DATA BLOCK »
******************************

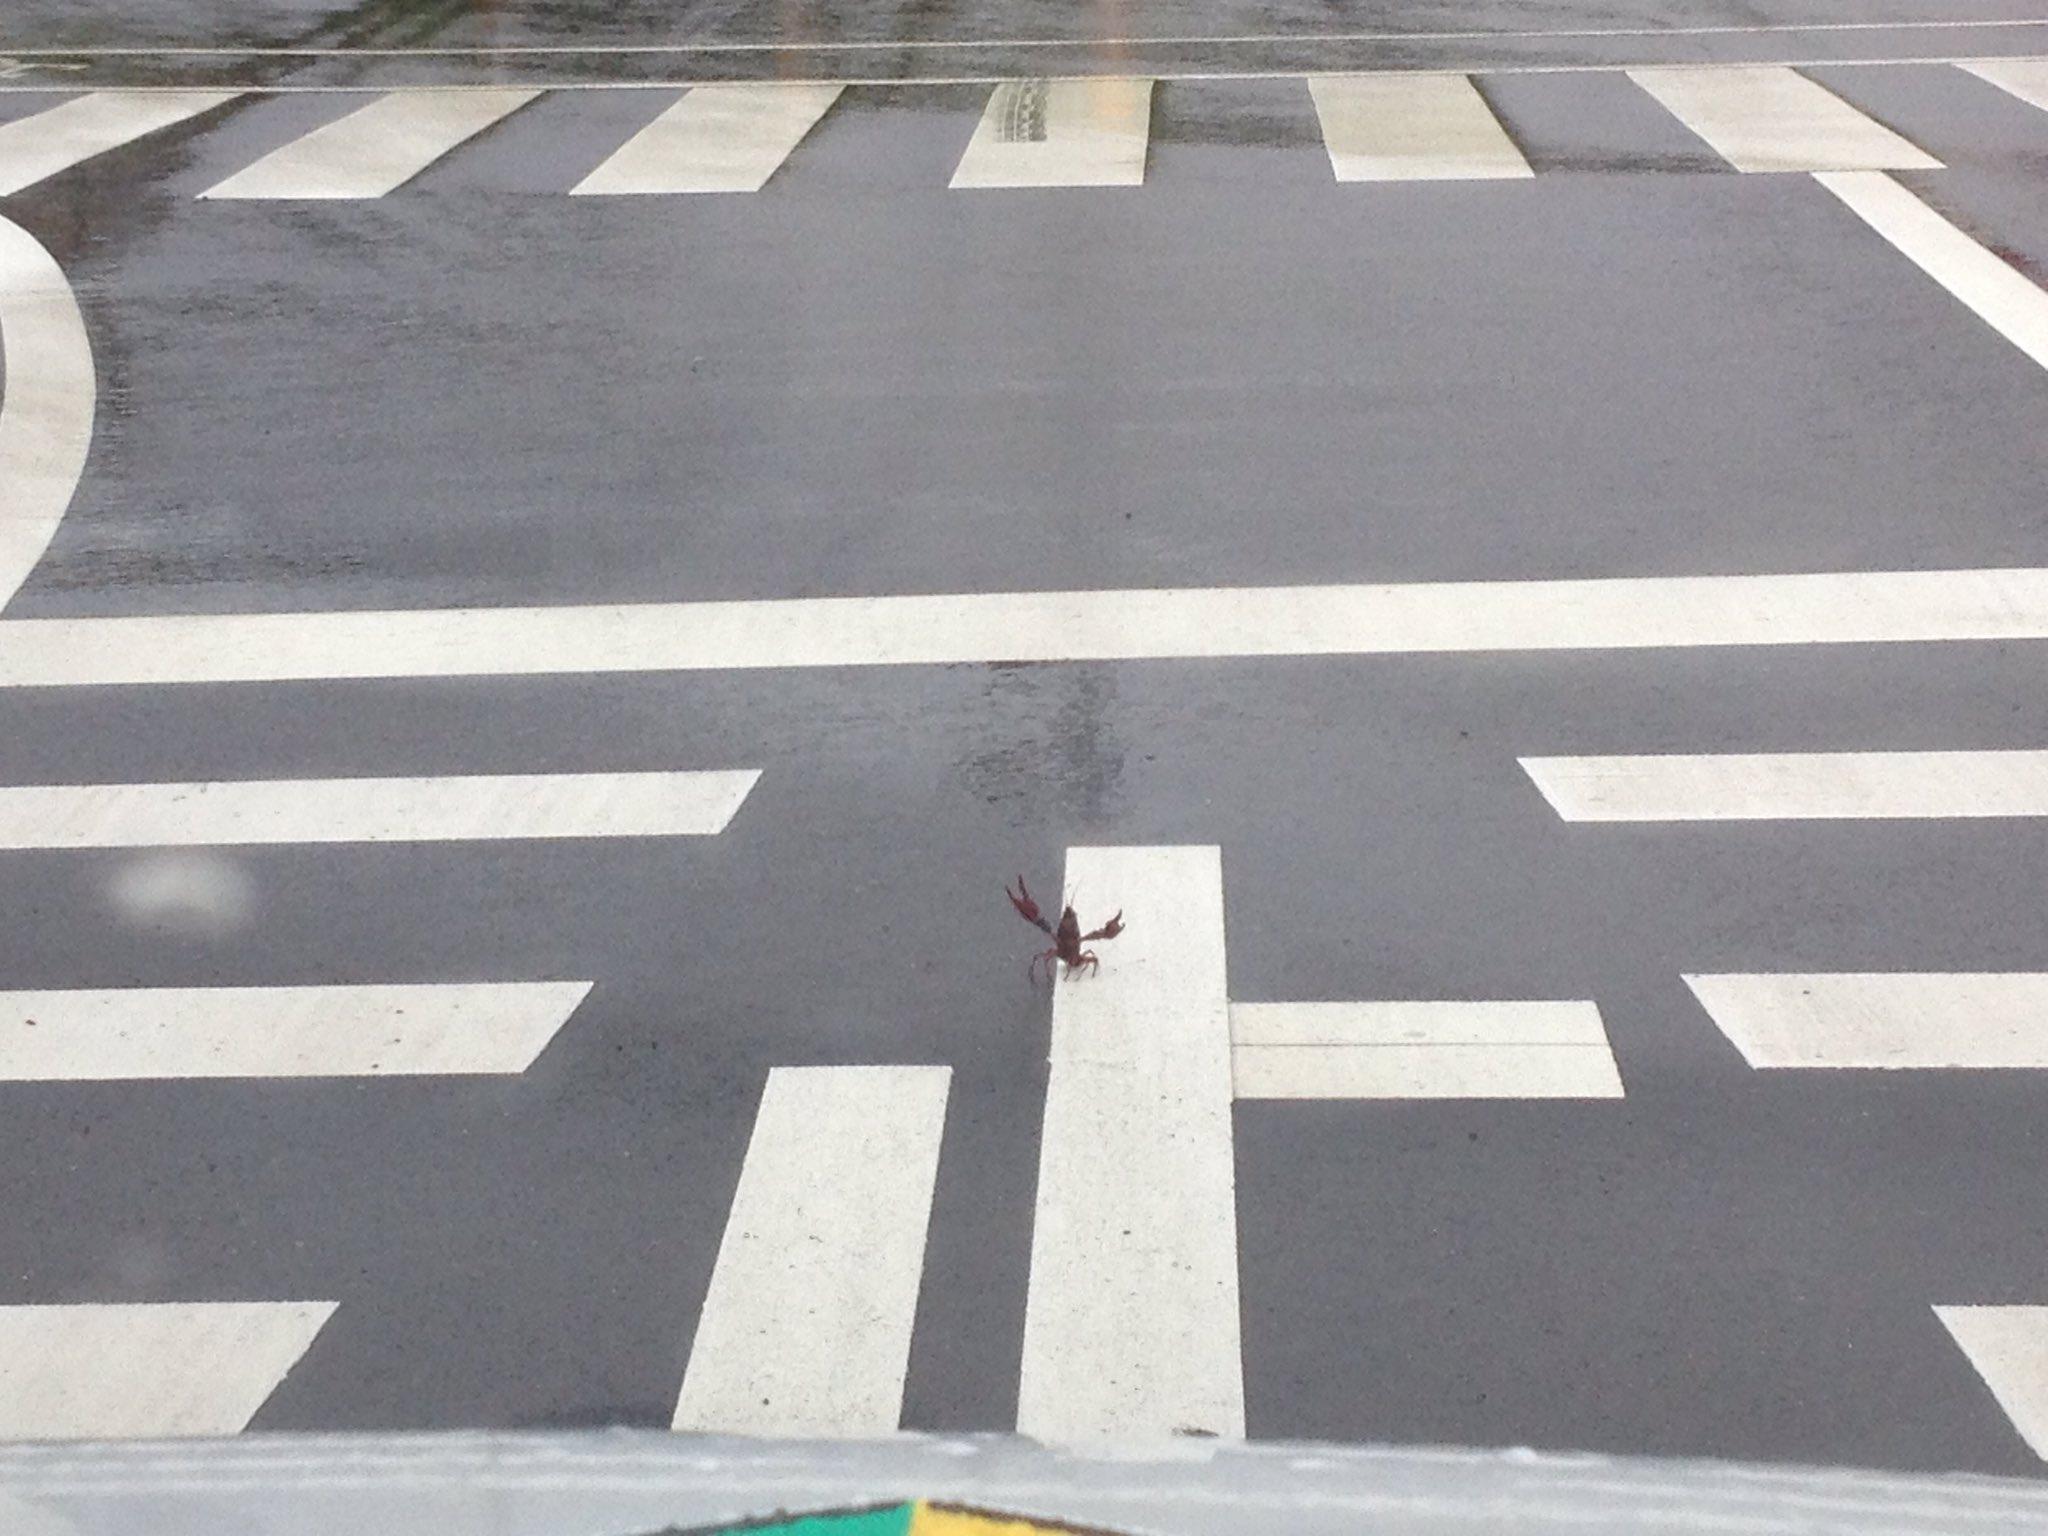 自動車に勝負を仕掛けるある動物wwwwさすがに勇敢すぎるww勝てないだろww
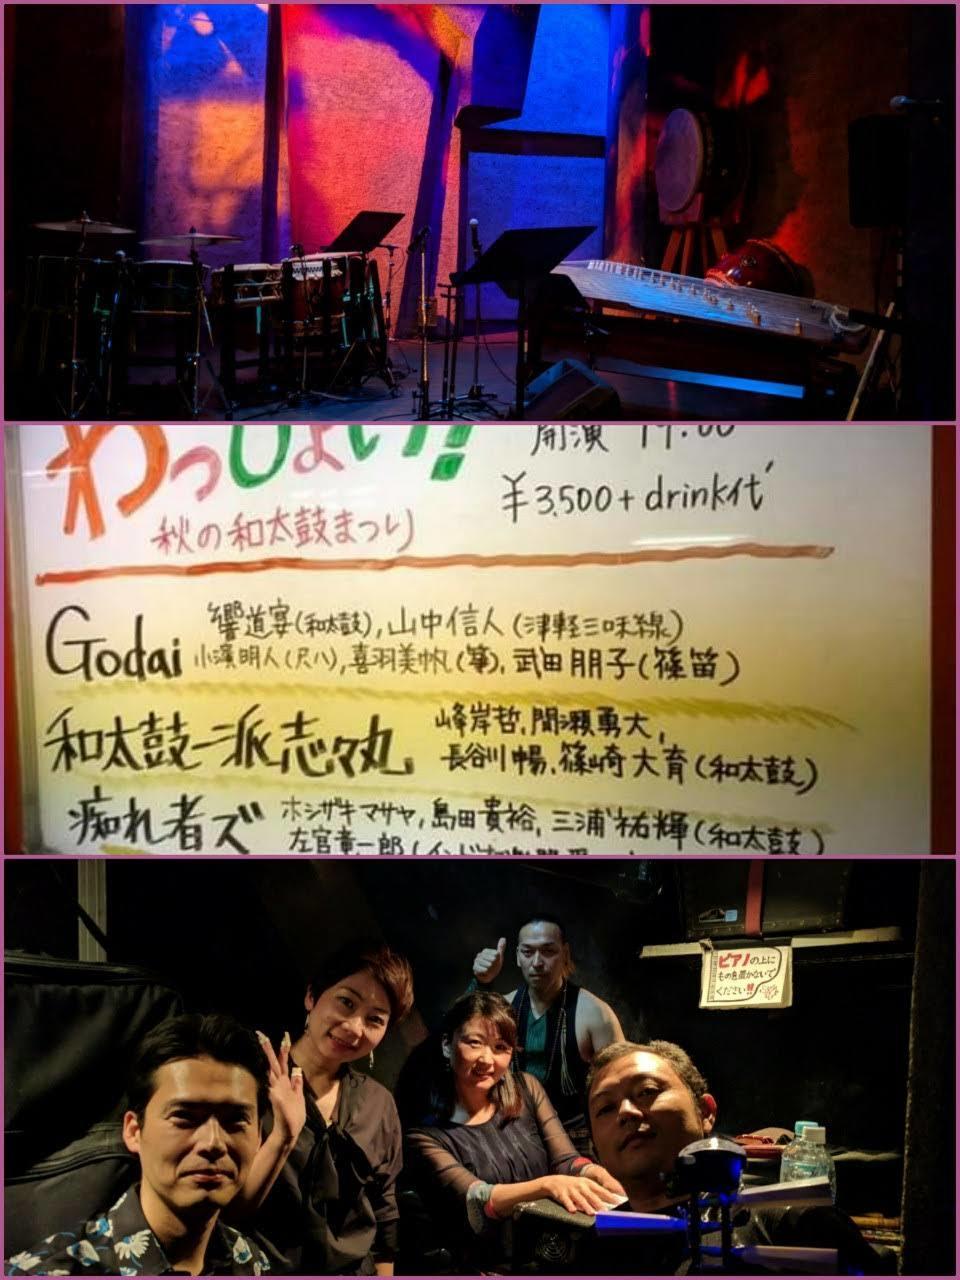 18-11-03-23-20-12-227_deco-960x1280.jpg
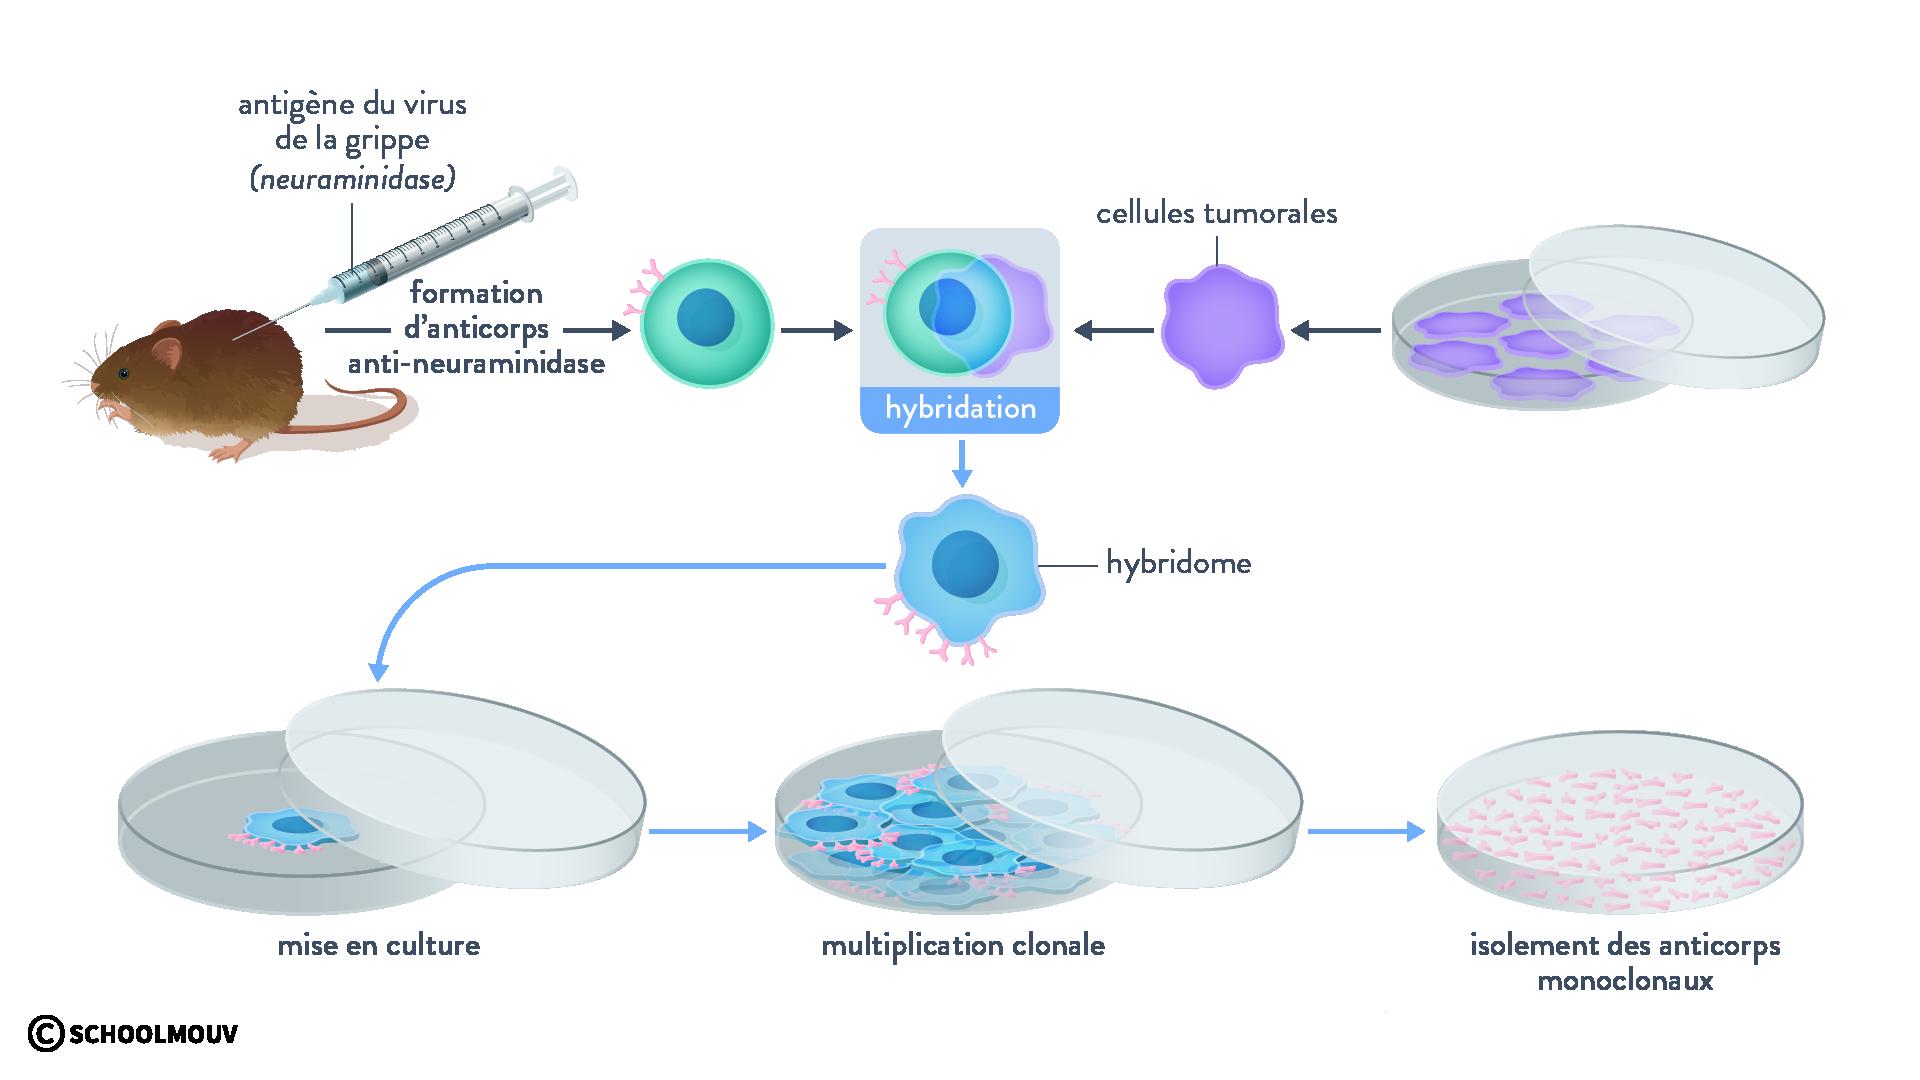 hybridome échange matériel génétique fusion cellule cancéreuse lymphocyte B anticorps monoclonaux
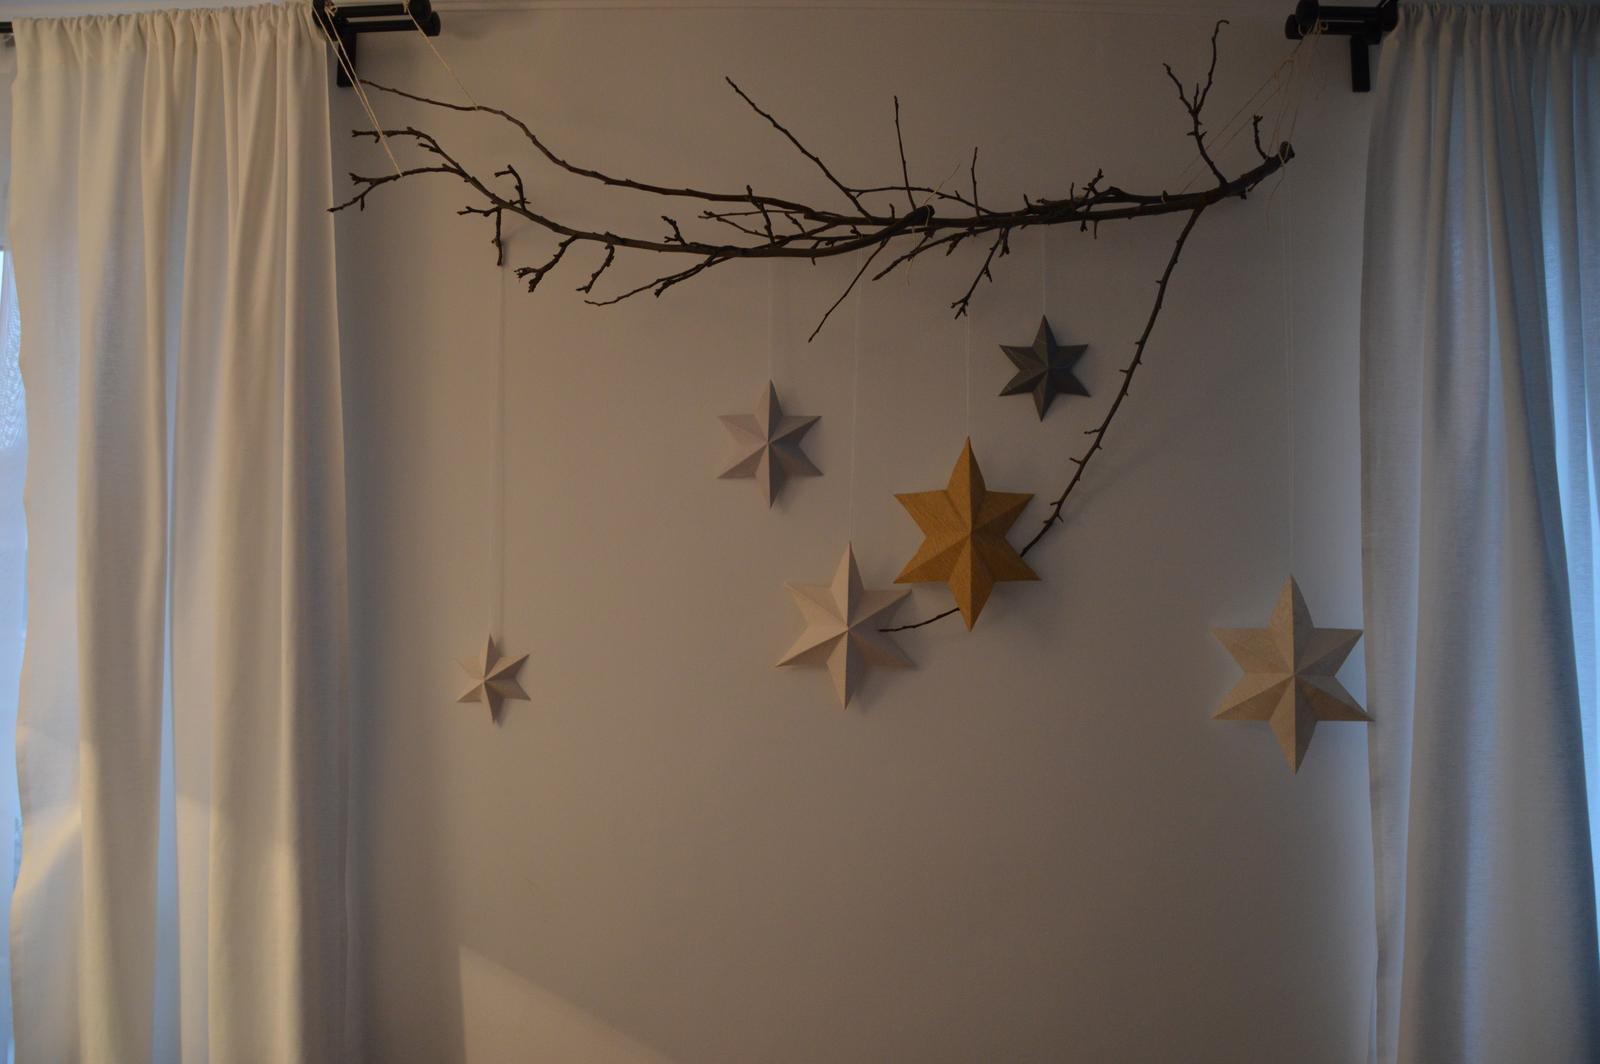 ★☆★Adventný a vianočný čas u nás ... ★☆★ 2015, 2016 - hvezdy na svojom mieste - vyzerá to nádherne, len som nasrata na to počasie nedajú sa krásne odfotiť

******************************

WHAT TO PRODUCE »
The lines from the one containing "18-11-03-23-20-12-227_deco-960x1280.jpg" to the end of the material must be output exactly, both ends included; no picture may appear.

ANSWER SECTION »
 18-11-03-23-20-12-227_deco-960x1280.jpg
 hybridome échange matériel génétique fusion cellule cancéreuse lymphocyte B anticorps monoclonaux
 ★☆★Adventný a vianočný čas u nás ... ★☆★ 2015, 2016 - hvezdy na svojom mieste - vyzerá to nádherne, len som nasrata na to počasie nedajú sa krásne odfotiť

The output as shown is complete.